++++ Data to use ++++

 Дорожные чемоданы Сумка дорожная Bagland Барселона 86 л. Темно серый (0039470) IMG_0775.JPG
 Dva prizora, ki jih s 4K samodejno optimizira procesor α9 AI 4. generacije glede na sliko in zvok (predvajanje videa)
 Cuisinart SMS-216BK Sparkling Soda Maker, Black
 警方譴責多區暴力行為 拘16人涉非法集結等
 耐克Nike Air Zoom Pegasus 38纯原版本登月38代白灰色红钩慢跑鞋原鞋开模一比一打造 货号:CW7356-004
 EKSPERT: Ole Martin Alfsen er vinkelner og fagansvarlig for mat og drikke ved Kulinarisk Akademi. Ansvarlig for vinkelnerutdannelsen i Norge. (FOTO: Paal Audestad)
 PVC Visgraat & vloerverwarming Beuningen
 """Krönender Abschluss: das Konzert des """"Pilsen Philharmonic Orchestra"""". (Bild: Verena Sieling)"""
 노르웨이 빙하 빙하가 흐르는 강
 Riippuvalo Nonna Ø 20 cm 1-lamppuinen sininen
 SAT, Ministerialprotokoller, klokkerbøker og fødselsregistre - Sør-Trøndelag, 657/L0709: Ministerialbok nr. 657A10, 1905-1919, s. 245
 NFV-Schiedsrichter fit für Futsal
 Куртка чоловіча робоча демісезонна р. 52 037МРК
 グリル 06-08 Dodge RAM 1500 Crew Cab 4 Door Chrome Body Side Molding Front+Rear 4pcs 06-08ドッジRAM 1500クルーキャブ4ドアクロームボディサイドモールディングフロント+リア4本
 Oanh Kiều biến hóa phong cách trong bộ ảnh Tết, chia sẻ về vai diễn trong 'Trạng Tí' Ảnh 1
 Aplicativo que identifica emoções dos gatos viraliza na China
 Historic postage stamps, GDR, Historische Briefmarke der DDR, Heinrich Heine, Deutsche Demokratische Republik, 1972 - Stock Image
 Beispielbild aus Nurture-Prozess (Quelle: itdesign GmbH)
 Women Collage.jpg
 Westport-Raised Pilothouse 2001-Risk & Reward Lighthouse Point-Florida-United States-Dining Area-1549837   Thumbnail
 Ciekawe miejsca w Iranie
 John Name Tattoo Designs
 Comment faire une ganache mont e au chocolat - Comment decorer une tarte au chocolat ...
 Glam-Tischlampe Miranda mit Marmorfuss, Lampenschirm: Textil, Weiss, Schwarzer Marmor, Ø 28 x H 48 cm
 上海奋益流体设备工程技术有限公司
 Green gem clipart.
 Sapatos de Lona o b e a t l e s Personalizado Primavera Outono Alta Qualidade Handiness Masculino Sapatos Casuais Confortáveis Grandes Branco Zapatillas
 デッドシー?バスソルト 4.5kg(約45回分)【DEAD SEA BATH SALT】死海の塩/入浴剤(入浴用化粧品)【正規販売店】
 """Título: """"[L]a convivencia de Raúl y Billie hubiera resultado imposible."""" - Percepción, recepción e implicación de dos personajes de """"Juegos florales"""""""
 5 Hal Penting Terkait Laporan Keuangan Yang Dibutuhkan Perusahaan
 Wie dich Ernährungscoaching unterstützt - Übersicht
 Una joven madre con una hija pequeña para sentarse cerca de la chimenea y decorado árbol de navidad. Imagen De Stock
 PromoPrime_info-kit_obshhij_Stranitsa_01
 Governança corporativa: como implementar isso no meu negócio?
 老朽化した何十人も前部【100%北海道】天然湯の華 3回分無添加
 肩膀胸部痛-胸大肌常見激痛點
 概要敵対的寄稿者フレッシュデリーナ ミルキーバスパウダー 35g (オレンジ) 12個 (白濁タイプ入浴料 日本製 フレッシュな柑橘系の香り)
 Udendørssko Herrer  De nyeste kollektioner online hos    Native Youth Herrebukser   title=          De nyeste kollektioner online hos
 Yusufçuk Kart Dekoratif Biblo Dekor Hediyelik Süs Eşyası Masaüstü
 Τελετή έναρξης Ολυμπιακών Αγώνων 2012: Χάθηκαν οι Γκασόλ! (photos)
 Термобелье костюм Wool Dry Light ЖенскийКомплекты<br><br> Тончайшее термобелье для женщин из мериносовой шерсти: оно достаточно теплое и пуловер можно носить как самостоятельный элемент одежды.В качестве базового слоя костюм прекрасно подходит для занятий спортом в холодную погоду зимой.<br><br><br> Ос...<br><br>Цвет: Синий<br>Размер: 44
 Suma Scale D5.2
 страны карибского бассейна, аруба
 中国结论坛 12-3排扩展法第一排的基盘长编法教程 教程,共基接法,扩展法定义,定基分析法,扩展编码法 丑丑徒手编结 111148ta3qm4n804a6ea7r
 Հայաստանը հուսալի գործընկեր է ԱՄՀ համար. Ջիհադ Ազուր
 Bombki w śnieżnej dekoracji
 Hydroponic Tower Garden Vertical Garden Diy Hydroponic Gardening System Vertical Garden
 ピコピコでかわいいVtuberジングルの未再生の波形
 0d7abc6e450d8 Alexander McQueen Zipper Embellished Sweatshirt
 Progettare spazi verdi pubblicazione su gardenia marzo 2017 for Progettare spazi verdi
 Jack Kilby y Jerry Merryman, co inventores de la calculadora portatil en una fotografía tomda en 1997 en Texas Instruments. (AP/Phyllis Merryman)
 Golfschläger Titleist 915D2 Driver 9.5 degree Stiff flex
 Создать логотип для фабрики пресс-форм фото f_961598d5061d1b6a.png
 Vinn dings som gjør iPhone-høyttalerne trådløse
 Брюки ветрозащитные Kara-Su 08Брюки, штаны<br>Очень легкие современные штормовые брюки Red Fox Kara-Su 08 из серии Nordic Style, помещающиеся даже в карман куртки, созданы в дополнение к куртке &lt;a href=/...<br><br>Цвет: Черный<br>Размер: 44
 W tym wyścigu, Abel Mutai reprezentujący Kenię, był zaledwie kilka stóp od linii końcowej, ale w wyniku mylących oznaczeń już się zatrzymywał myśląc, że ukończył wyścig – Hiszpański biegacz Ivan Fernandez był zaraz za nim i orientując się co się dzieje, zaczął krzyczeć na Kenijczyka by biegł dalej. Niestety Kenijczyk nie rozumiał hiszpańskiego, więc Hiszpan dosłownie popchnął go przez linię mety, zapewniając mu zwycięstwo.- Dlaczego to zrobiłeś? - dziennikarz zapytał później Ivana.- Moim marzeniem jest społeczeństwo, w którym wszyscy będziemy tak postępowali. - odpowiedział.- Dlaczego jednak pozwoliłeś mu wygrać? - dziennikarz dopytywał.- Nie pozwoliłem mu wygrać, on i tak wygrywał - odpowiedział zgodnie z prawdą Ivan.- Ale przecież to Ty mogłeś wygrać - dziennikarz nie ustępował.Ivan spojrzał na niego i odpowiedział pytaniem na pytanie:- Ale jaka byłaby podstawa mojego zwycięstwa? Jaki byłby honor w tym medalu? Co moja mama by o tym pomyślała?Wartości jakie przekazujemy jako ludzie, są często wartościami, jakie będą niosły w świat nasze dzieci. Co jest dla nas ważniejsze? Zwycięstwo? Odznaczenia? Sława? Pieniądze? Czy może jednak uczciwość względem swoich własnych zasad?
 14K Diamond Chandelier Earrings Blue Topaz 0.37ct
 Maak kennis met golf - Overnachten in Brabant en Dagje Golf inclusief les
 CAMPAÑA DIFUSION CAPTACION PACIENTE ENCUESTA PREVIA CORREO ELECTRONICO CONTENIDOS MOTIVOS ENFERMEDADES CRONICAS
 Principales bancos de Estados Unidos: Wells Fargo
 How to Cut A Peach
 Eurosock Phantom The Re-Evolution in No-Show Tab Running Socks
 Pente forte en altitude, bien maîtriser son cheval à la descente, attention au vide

++++

## Aim of the task:
Could you transcribe the entries above word for word, from the line with "Куртка чоловіча робоча" down to the line with "Green gem clipart.", keeping both?

## Response for this exercise:
 Куртка чоловіча робоча демісезонна р. 52 037МРК
 グリル 06-08 Dodge RAM 1500 Crew Cab 4 Door Chrome Body Side Molding Front+Rear 4pcs 06-08ドッジRAM 1500クルーキャブ4ドアクロームボディサイドモールディングフロント+リア4本
 Oanh Kiều biến hóa phong cách trong bộ ảnh Tết, chia sẻ về vai diễn trong 'Trạng Tí' Ảnh 1
 Aplicativo que identifica emoções dos gatos viraliza na China
 Historic postage stamps, GDR, Historische Briefmarke der DDR, Heinrich Heine, Deutsche Demokratische Republik, 1972 - Stock Image
 Beispielbild aus Nurture-Prozess (Quelle: itdesign GmbH)
 Women Collage.jpg
 Westport-Raised Pilothouse 2001-Risk & Reward Lighthouse Point-Florida-United States-Dining Area-1549837   Thumbnail
 Ciekawe miejsca w Iranie
 John Name Tattoo Designs
 Comment faire une ganache mont e au chocolat - Comment decorer une tarte au chocolat ...
 Glam-Tischlampe Miranda mit Marmorfuss, Lampenschirm: Textil, Weiss, Schwarzer Marmor, Ø 28 x H 48 cm
 上海奋益流体设备工程技术有限公司
 Green gem clipart.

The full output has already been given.